We present a virtual reality (VR) application that enables interactive image clustering and fine-tuning of a deep neural network by using natural hand gestures. Using a pre-trained AlexNet, we apply PCA and t-SNE dimensionality reduction techniques to project image data sets into the 3D VR space. Resulting spatial clusters of class instances are visualized with their respective centroid and label. The user can interactively move images in the 3D space, thereby triggering the fine-tuning of the network, based on the new positional information and label of the image. After the fine-tuning step is finished, the visualization is updated according to the new output of the network.

Images are visualized in VR according to their 3D vectors. Projected 3D vectors are normalized so that distances in all dimensions are perceived in an explorable VR space. Then we calculate cluster centers for each class in the projected space. We first apply PCA on the feature maps of the fc7 layer, reducing from 4096-d to 50-d. Next, we apply t-SNE dimensionality reduction, which maps the 50-d vector to the 3D VR space. For each image we display the projected 3D VR position, the ground truth and the prediction scores (top-5 scores). Our VR environment is created with Unity3D and uses the Oculus Rift CV1 with Oculus Touch controllers for interaction. Each input image is displayed based on its corresponding 3D vector and color coded by label. The user can move around in the VR space and change image positions by using hand gestures.

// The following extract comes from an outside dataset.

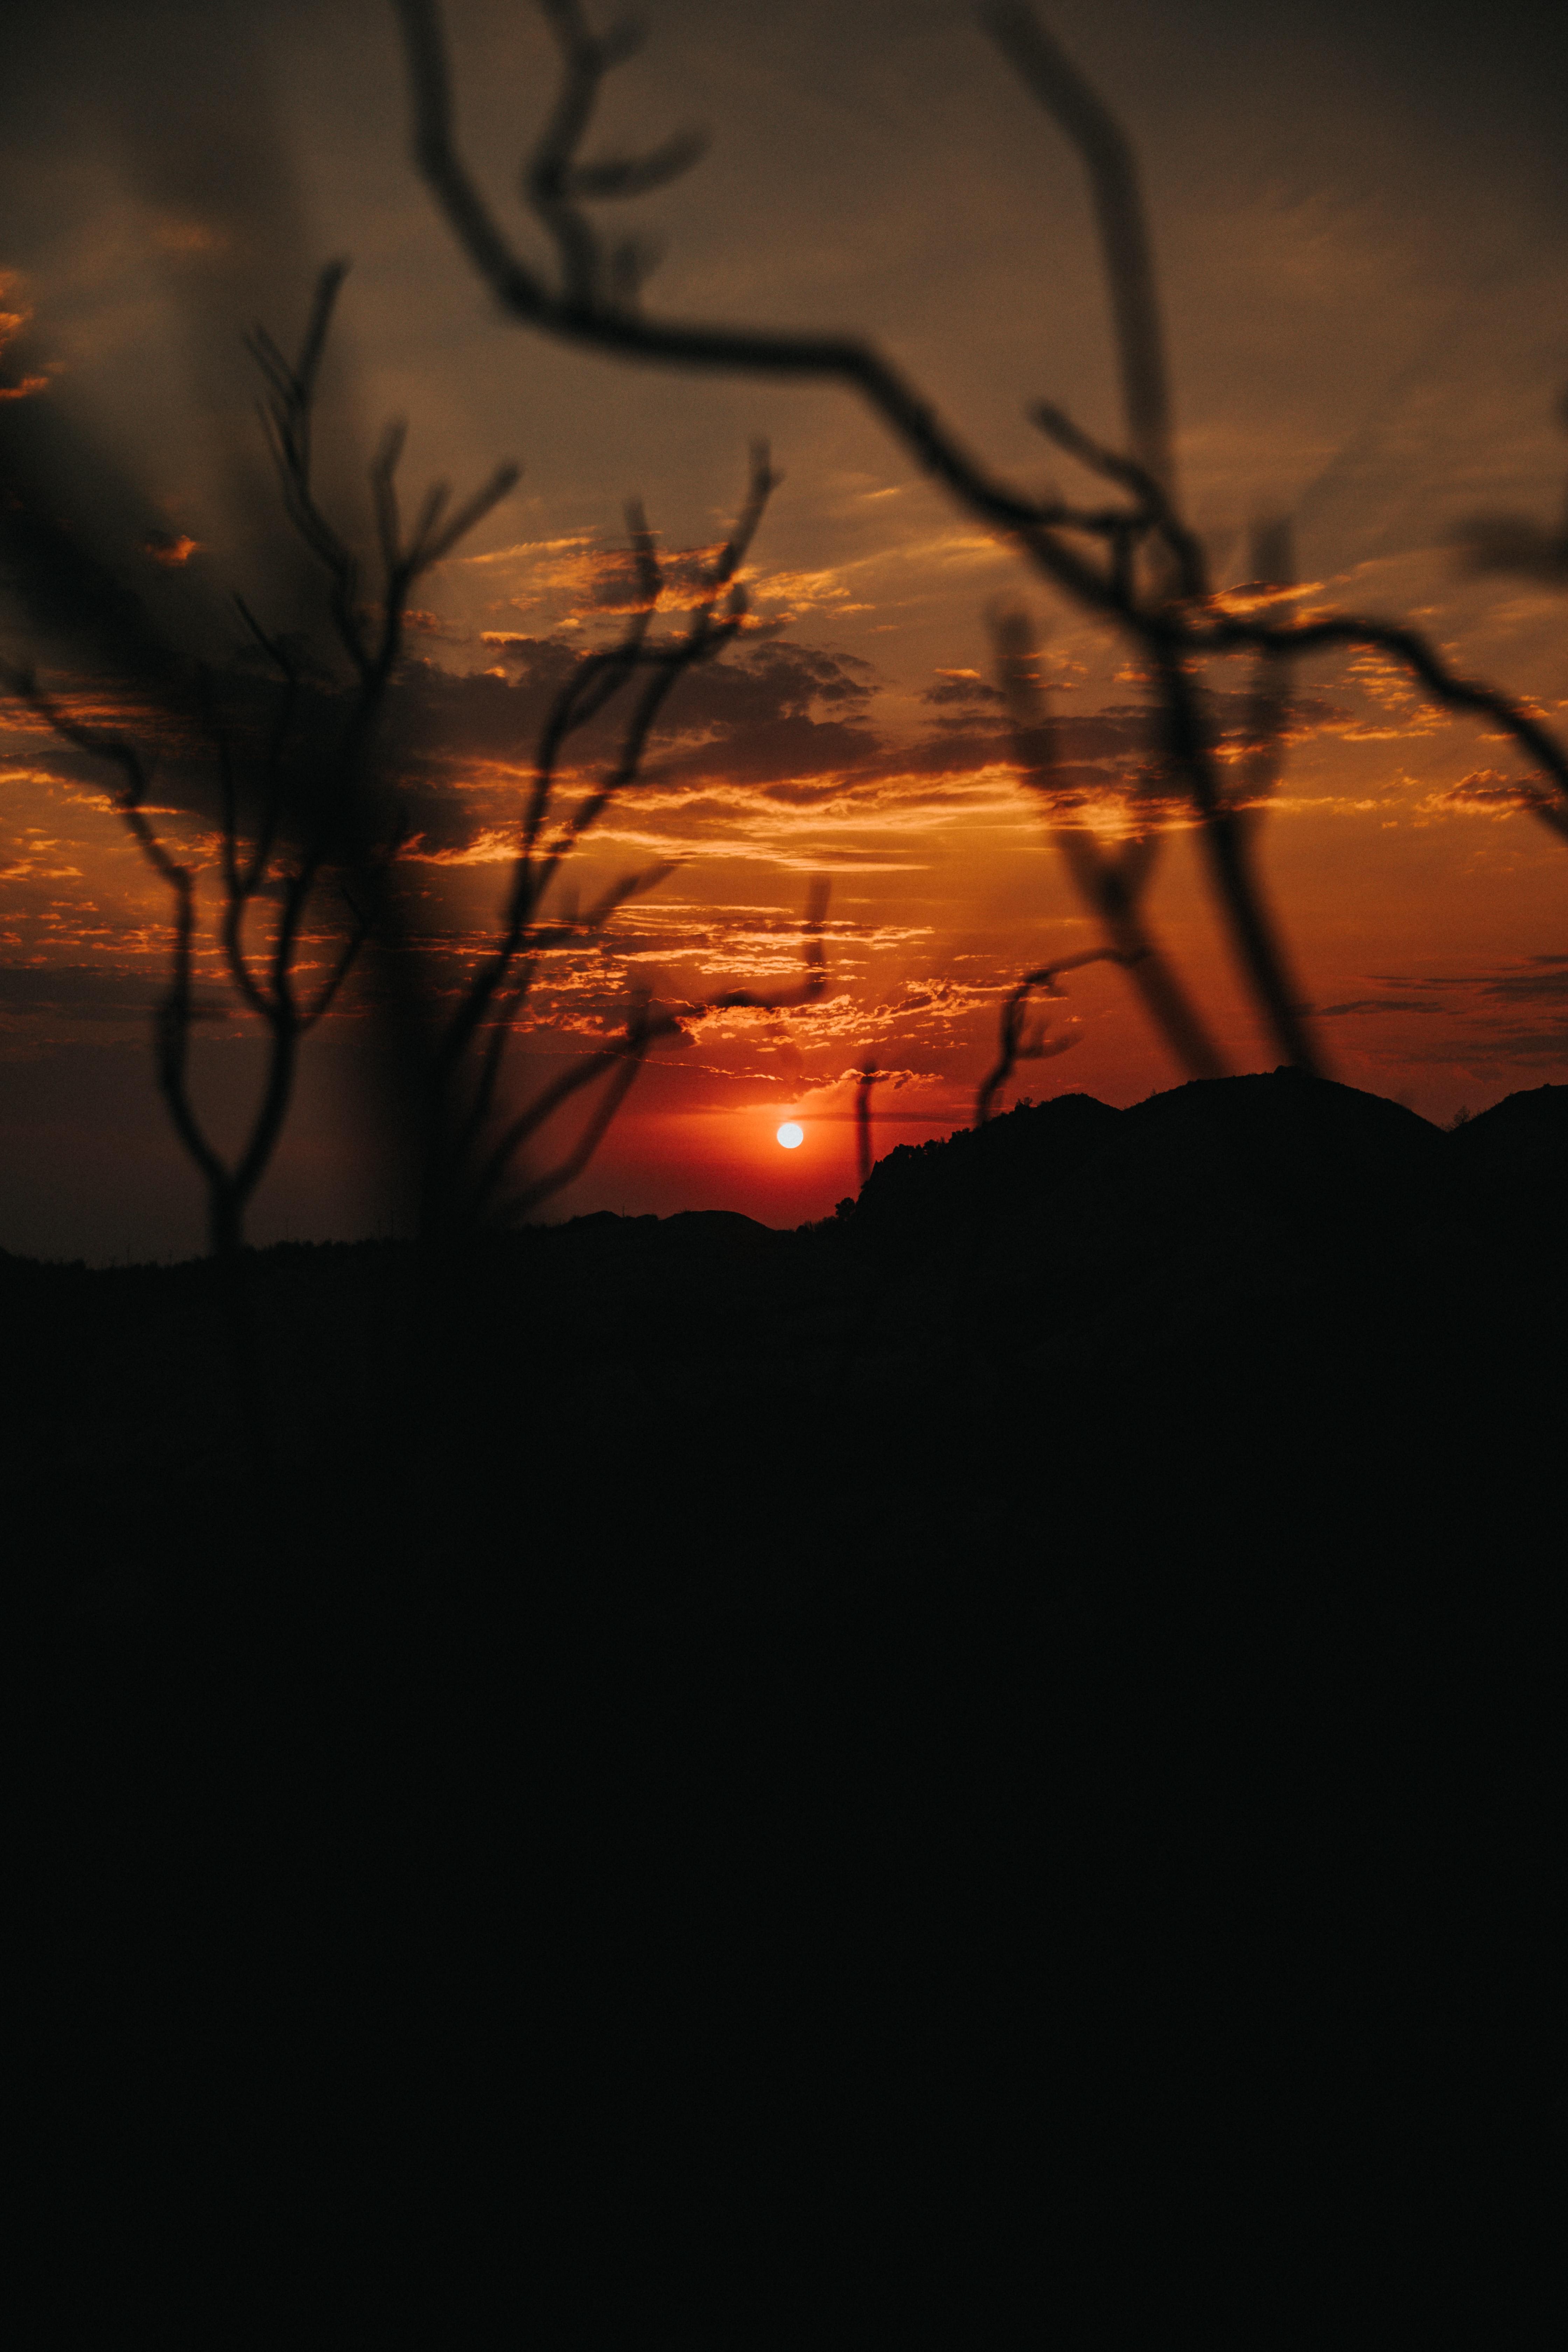 150862 скачать обои Природа, Закат, Ветки, Силуэт, Небо - заставки и картинки бесплатно

After the user moves an image, the new location can be used as parameter to fine-tune the model. We distinguish two cases: (1) the image was re-labeled because it was moved from one cluster to another, or (2) the image was moved inside a cluster without changing the label. In the first case we assume that the instance now belongs to a different class and re-train the model with this information as input. For the second case we approximate the repositioning step through re-training the network with the same image and label, as it was not moved between clusters. Depending on the distance of the new position to the cluster centroid we apply heuristics to declare how many times the image is used in the re-training step. In either case, after re-training is done, all images are again processed by the network and move to their updated position. Due to the nature of the fine-tuning process, it is not guanteed that the image moved by the user will stay at its designated position, but we allow smooth animations in the 3D layout change. The entire fine-tuning process can be repeated iteratively.